The bed bases are made from recycled cardboard, but during a demonstration in July last year Airweave founder Motokuni Takaoka jumped on one of them and stressed that they “can support several people on top”.

The Paris Games spokesman underlined that “the quality of the furniture has been rigorously tested to ensure it is robust, comfortable and appropriate for all the athletes who will use it, and who span a very broad range of body types – from gymnasts to judokas”.

The fully modular Airweave beds can be customised to accommodate long and large body sizes, with the mattresses — made out of resin fibre — available with different firmness levels.

After the Games, the bed frames will be recycled while the mattresses and pillows will be donated to schools or associations.

Athletes will sleep in single beds, two or three to a room, in the village, a newly built complex close to the main athletics stadium in a northern suburb of the capital.

A report this week in the New York Post tabloid entitled “‘Anti-sex’ beds have arrived at Paris Olympics” was reported by other media and widely circulated on social media.

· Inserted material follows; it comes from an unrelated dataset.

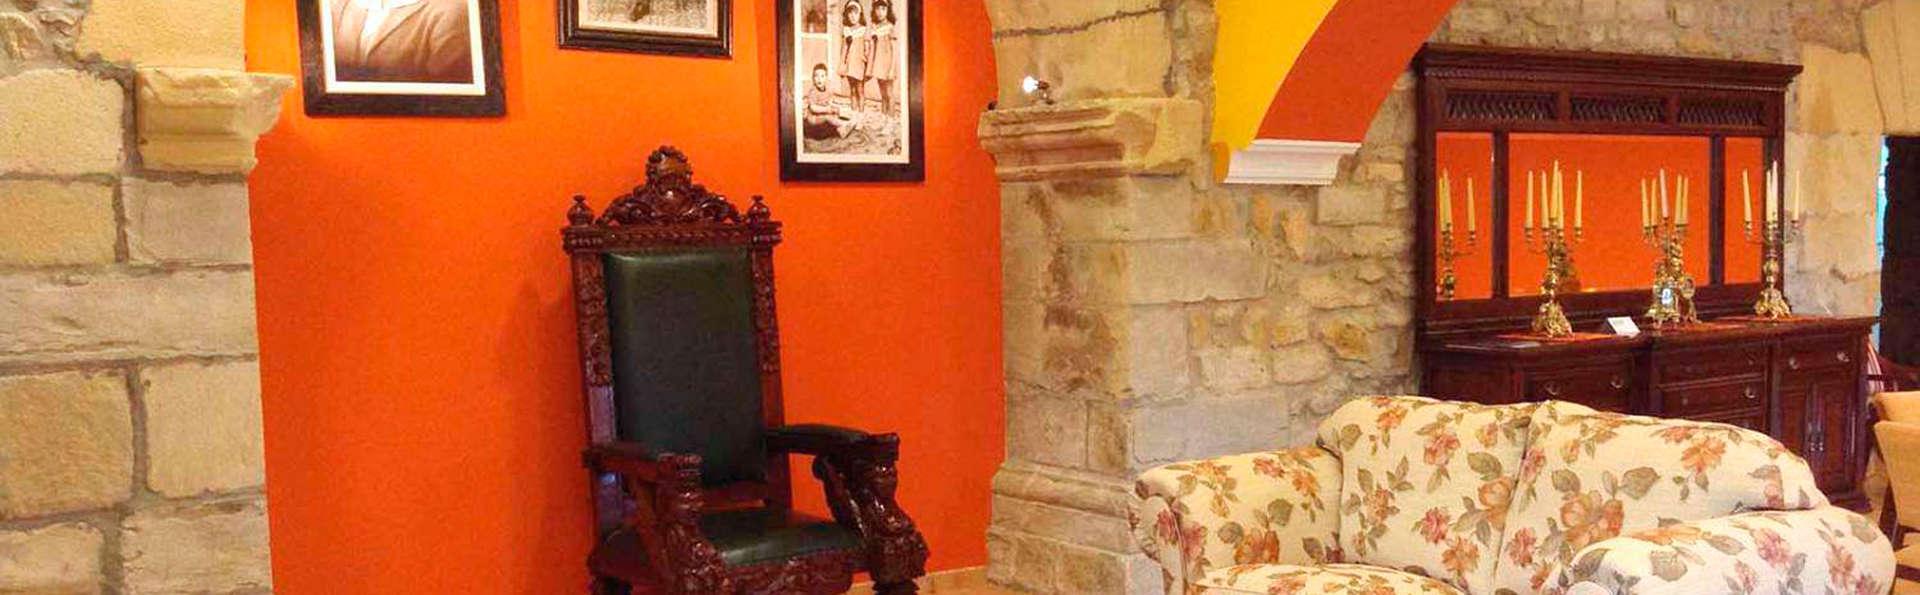 Hotel Casona los Caballeros - EDIT_salon1.jpg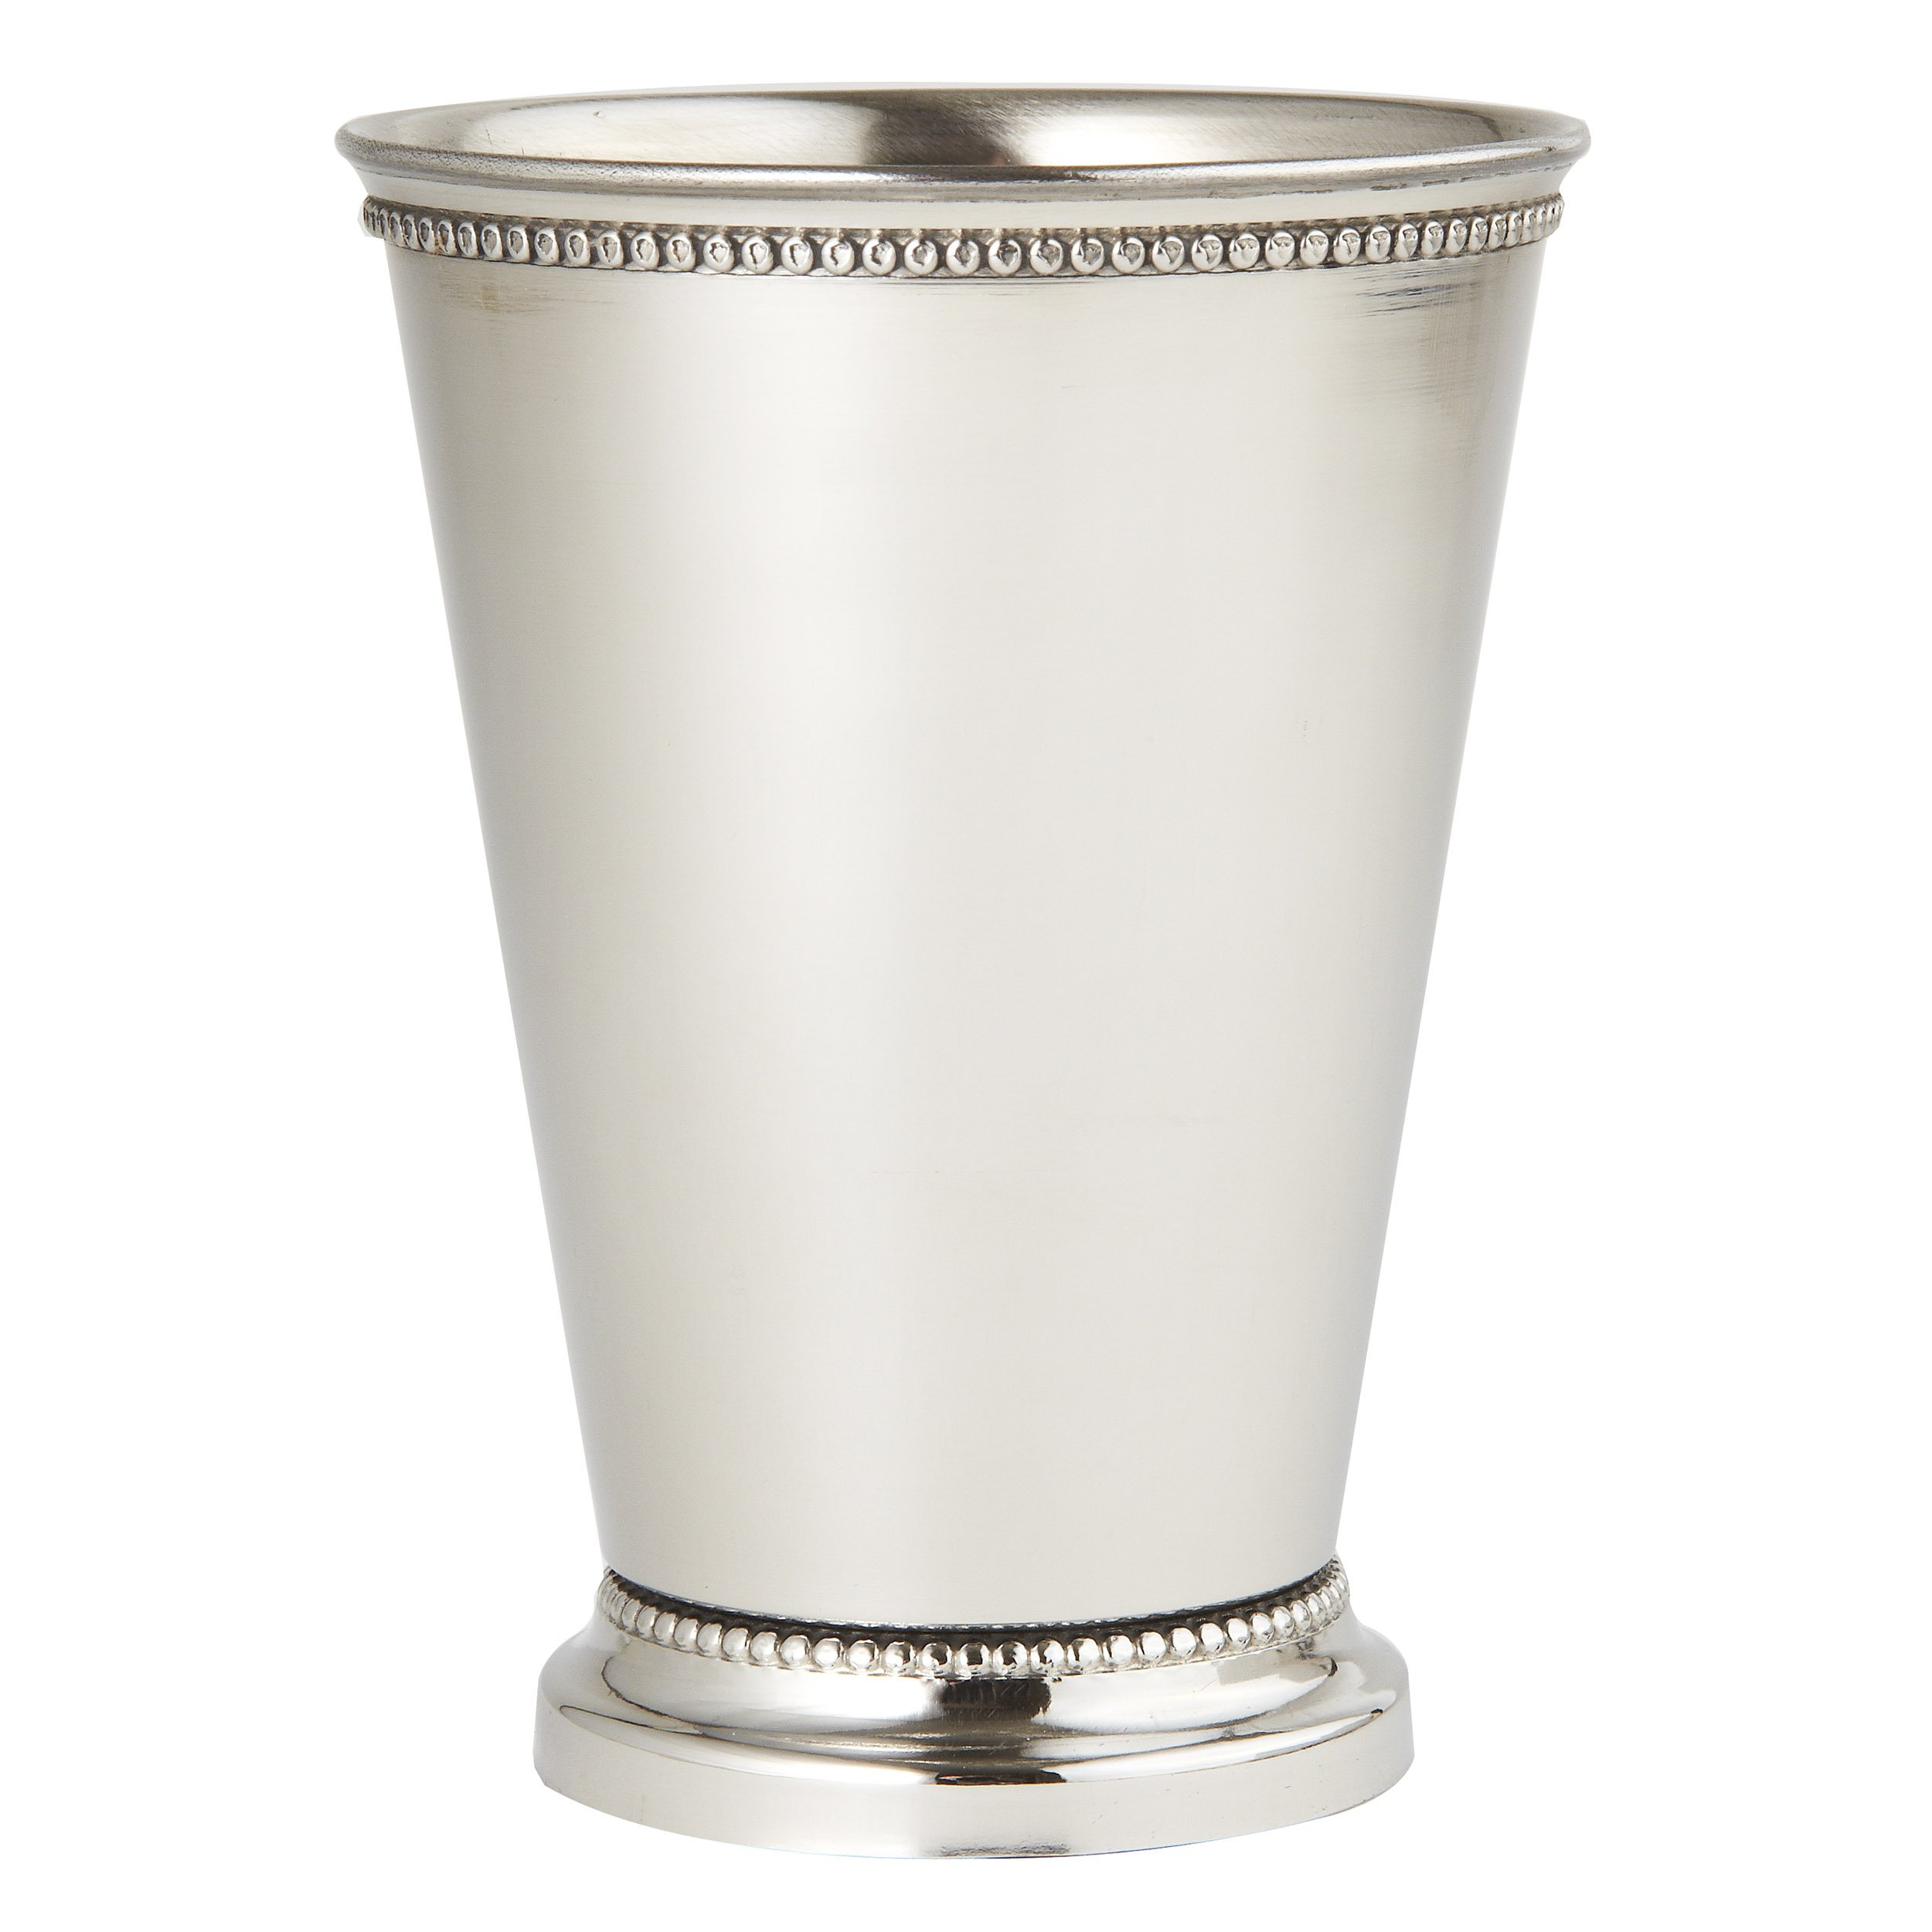 Elegance Beaded Mint Julep Cup - 12 oz. - 4 1/2''

Similar claims went viral before the Tokyo Olympics, sometimes fanned by athletes themselves.

To debunk them, Irish gymnast Rhys McClenaghan filmed a video of himself jumping repeatedly on a bed to demonstrate their solidity.

At those Games, during the coronavirus pandemic, organisers, however, urged athletes to “avoid unnecessary forms of physical contact”.

In March, Laurent Dalard, in charge of first aid and health services at Paris 2024, said around 200,000 condoms for men and 20,000 for women will be made available at the athletes’ village during the Games.